Content starts

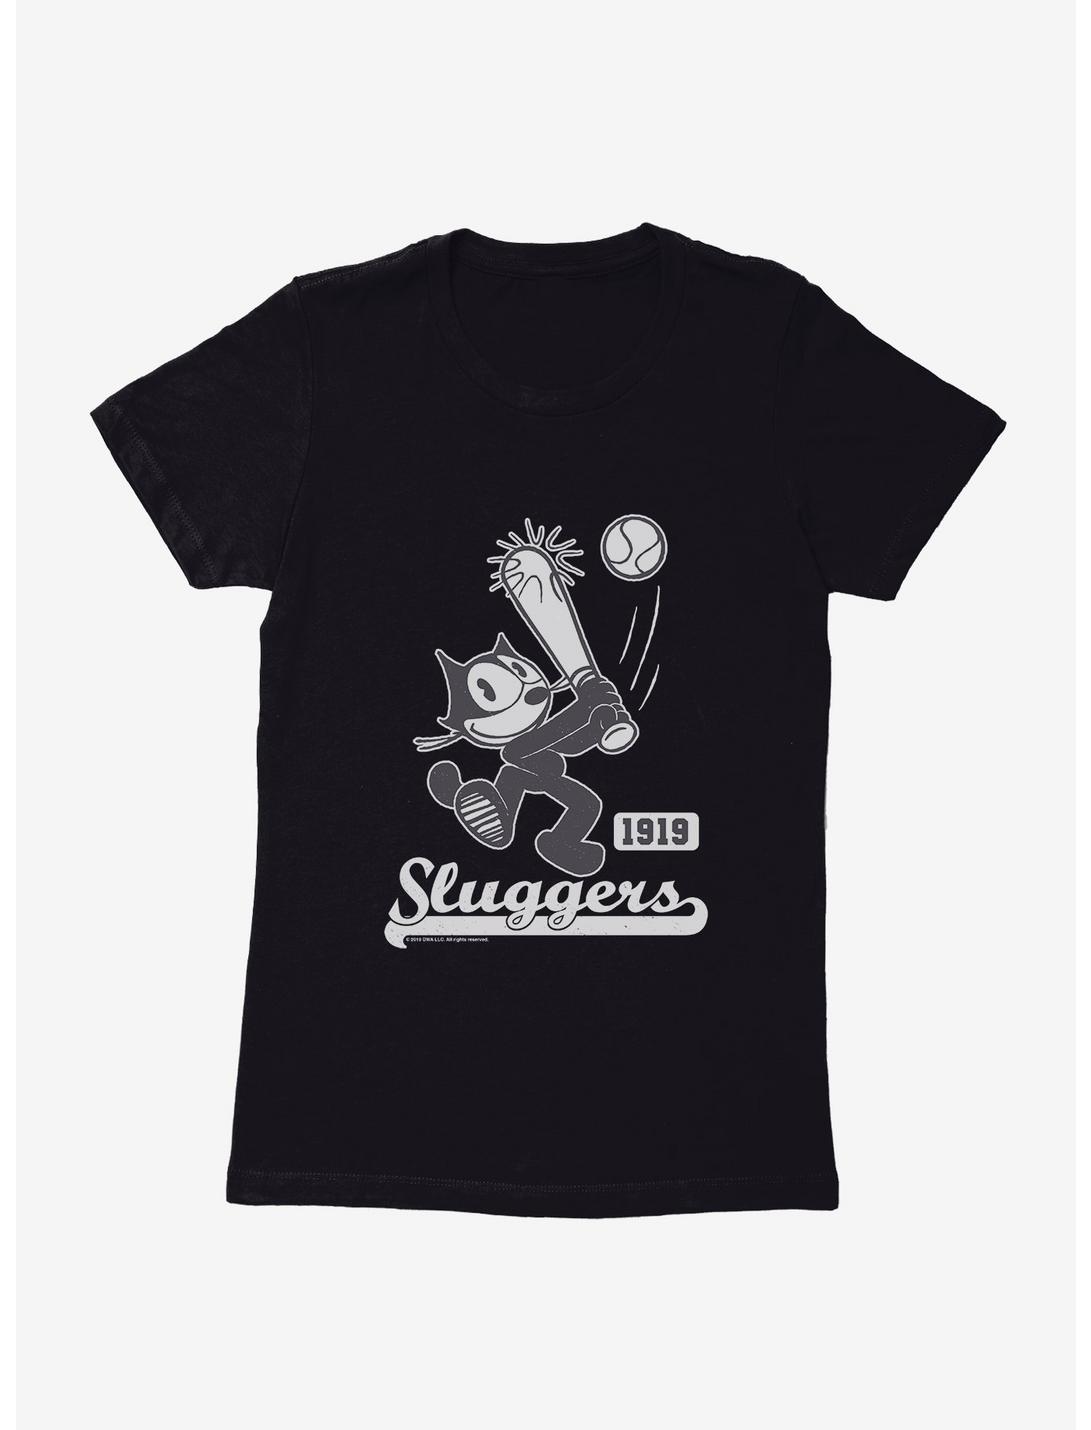 Felix The Cat Sluggers 1919 Baseball Womens T-Shirt, BLACK, hi-res
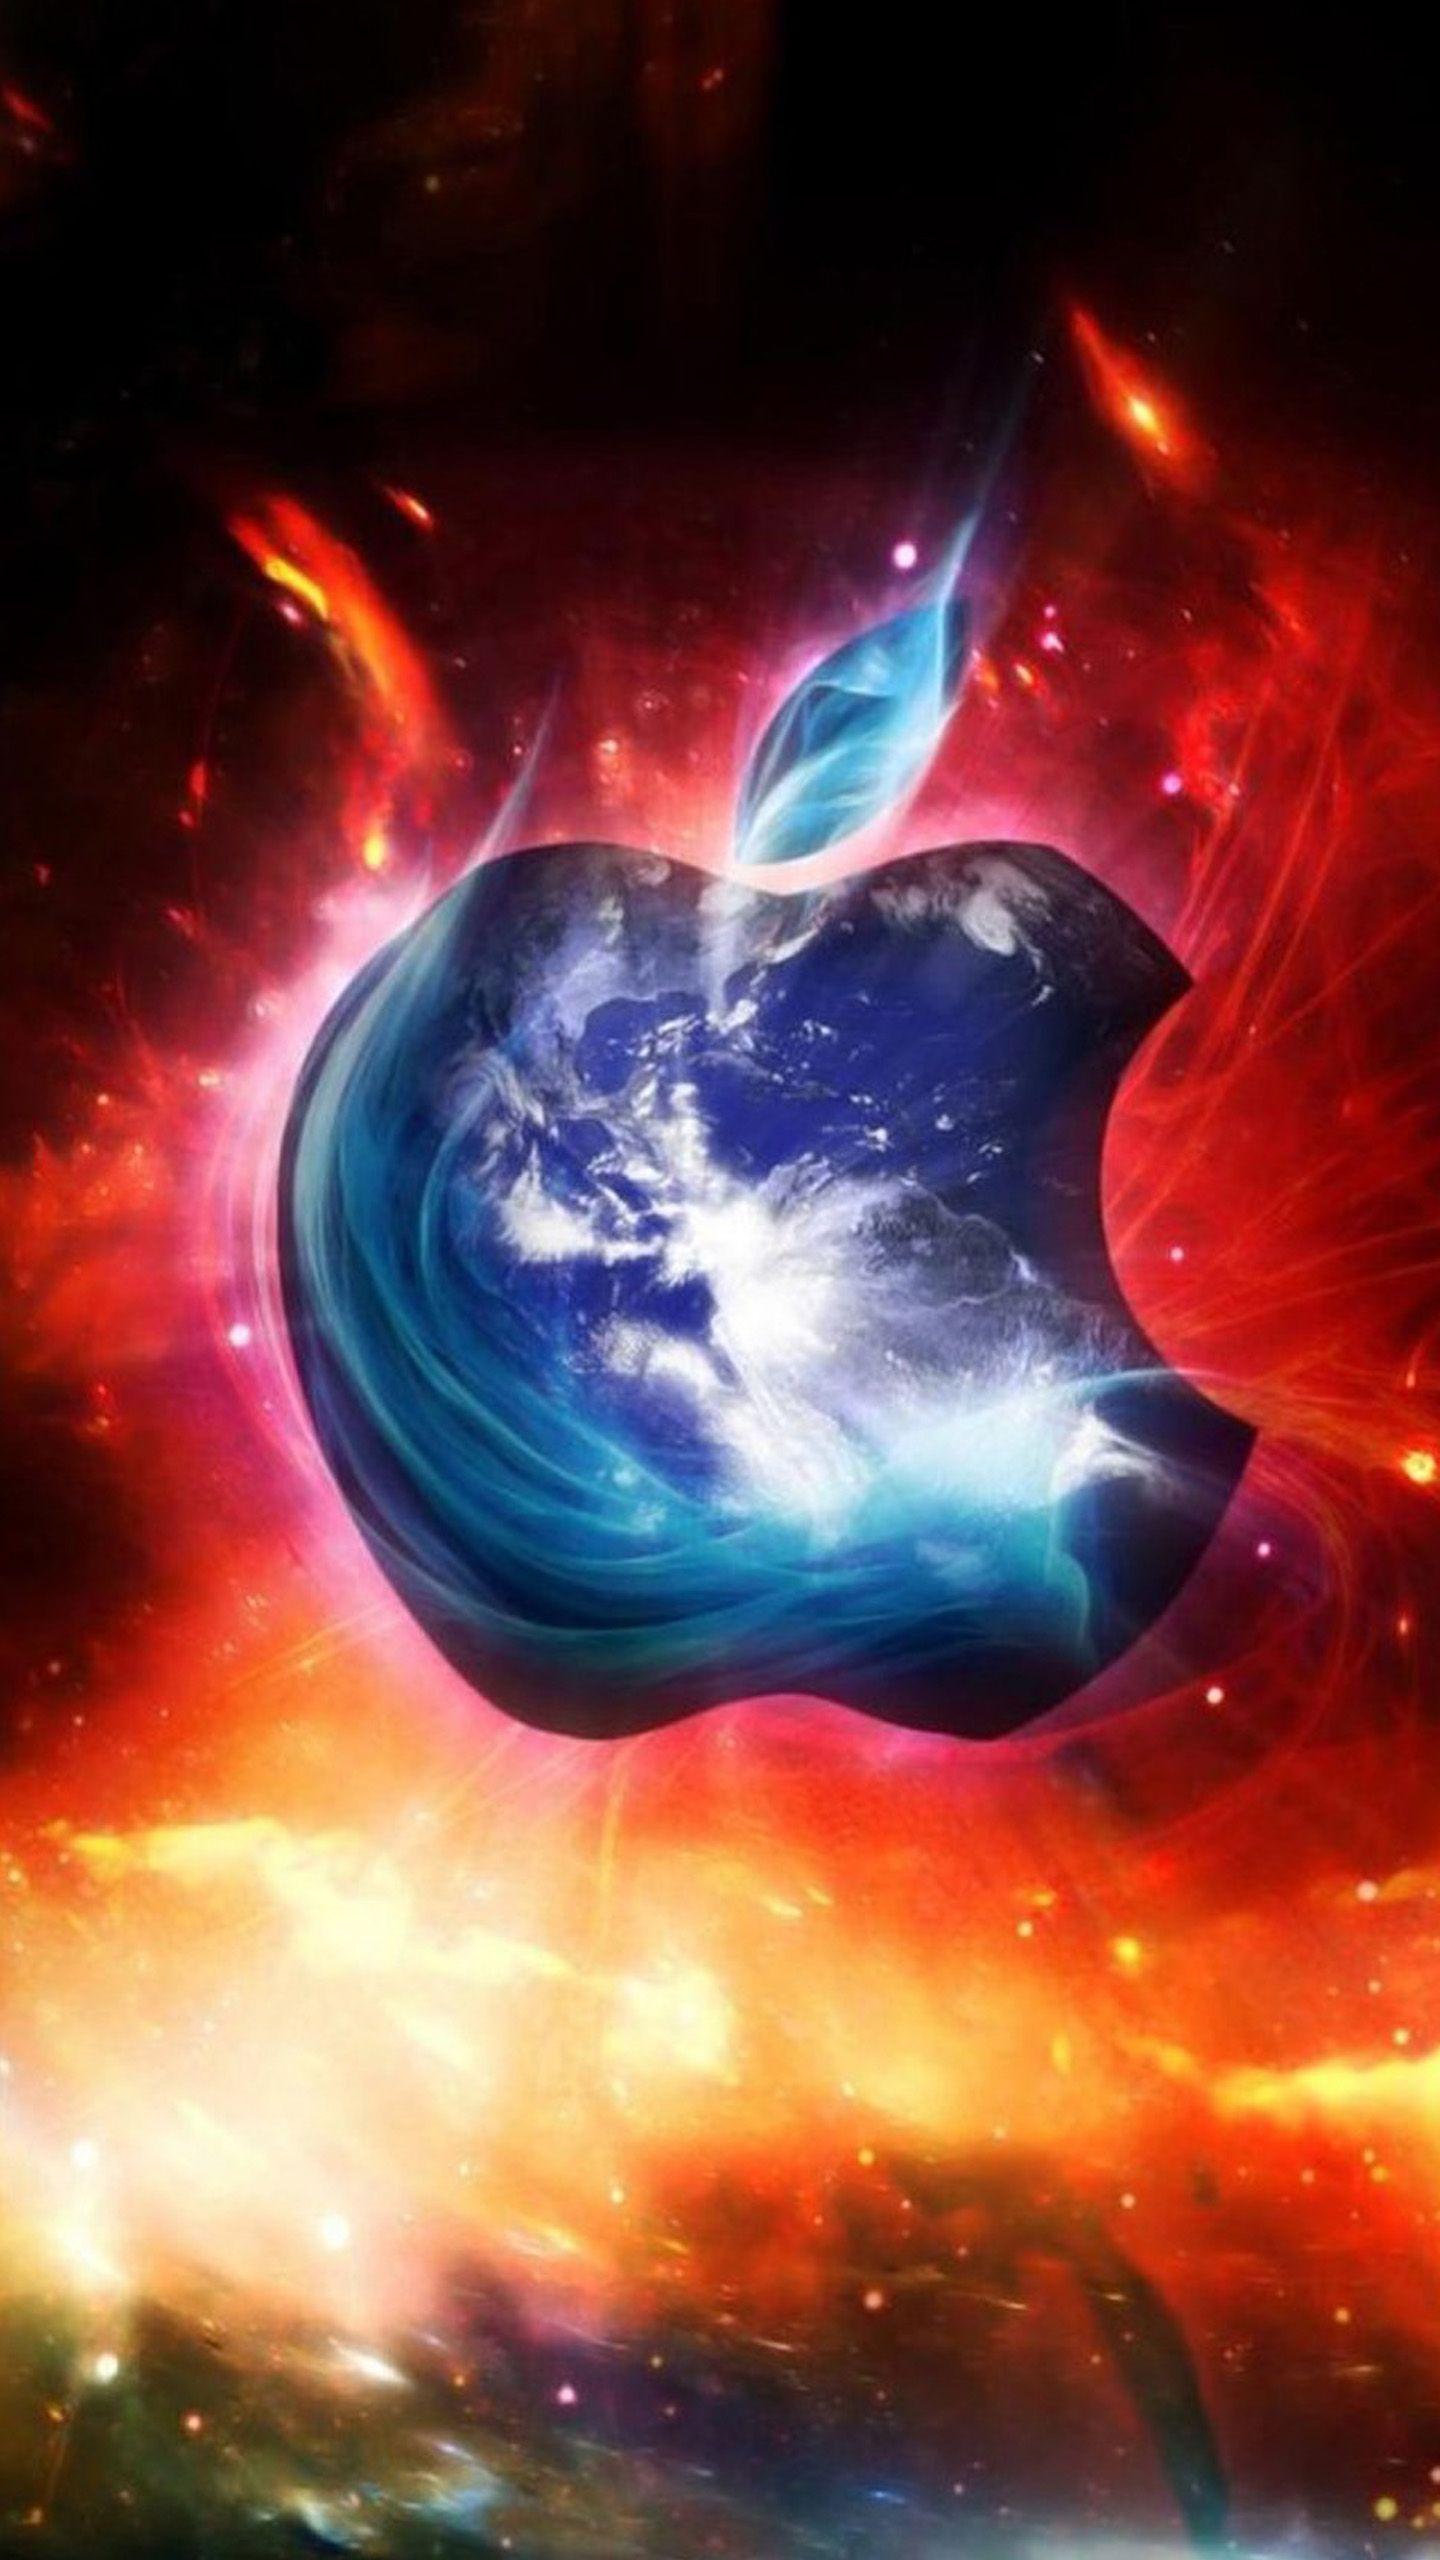 Cool Apple Logo - Cool Apple logo 2 Galaxy S6 Wallpaper. Galaxy S6 Wallpaper
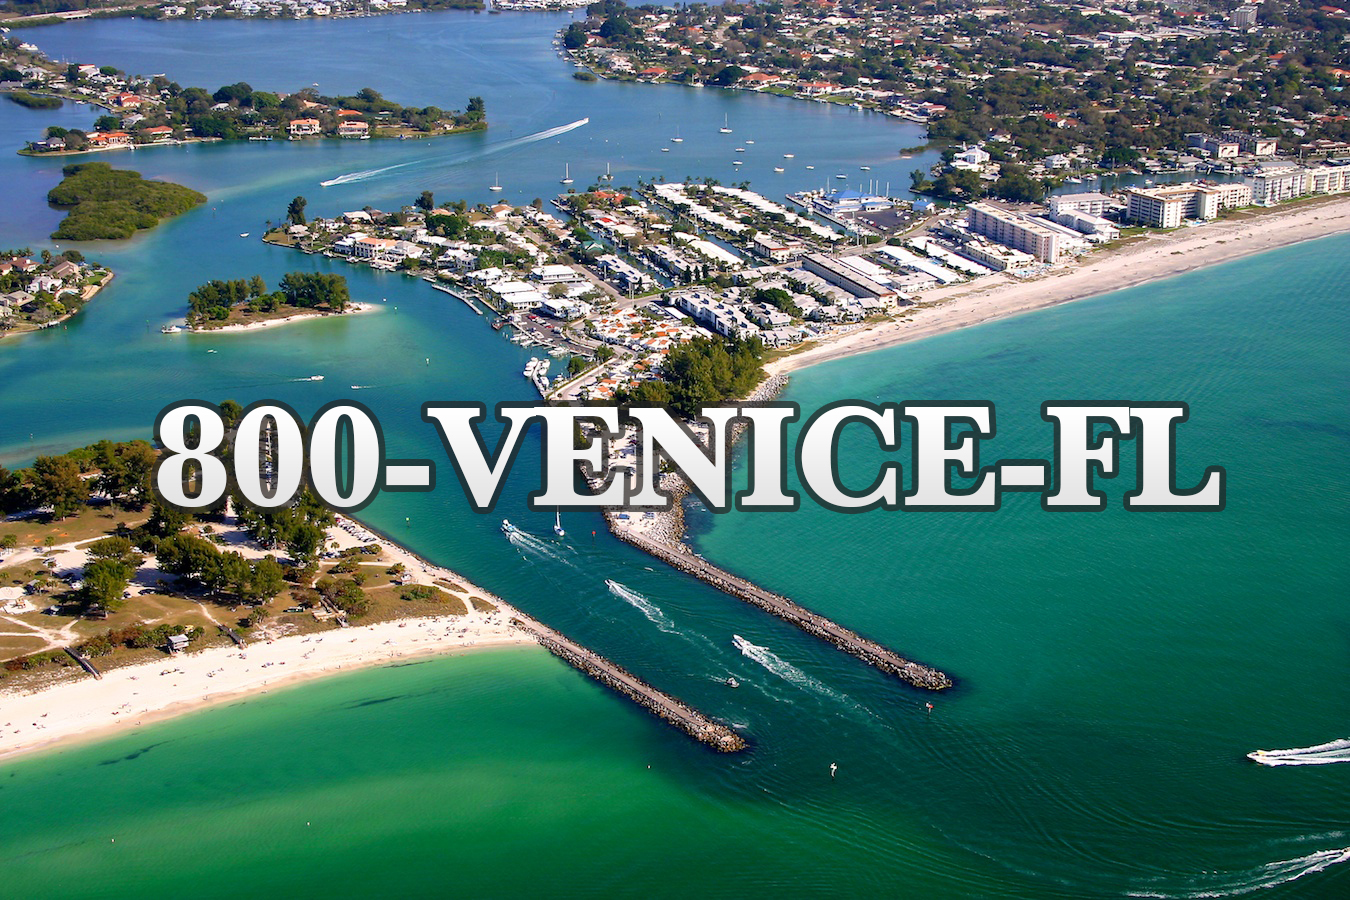 Venice Florida Jetty aerial view using 1-800-VENICE-FL

Content ends

#### [WHAT TO WORK ON]
Reproduce, word for word, the lines from the one containing "Cool Apple Logo - Cool" through the final line above. Leave every picture out.

#### [ANSWER SECTION]
 Cool Apple Logo - Cool Apple logo 2 Galaxy S6 Wallpaper. Galaxy S6 Wallpaper
 Venice Florida Jetty aerial view using 1-800-VENICE-FL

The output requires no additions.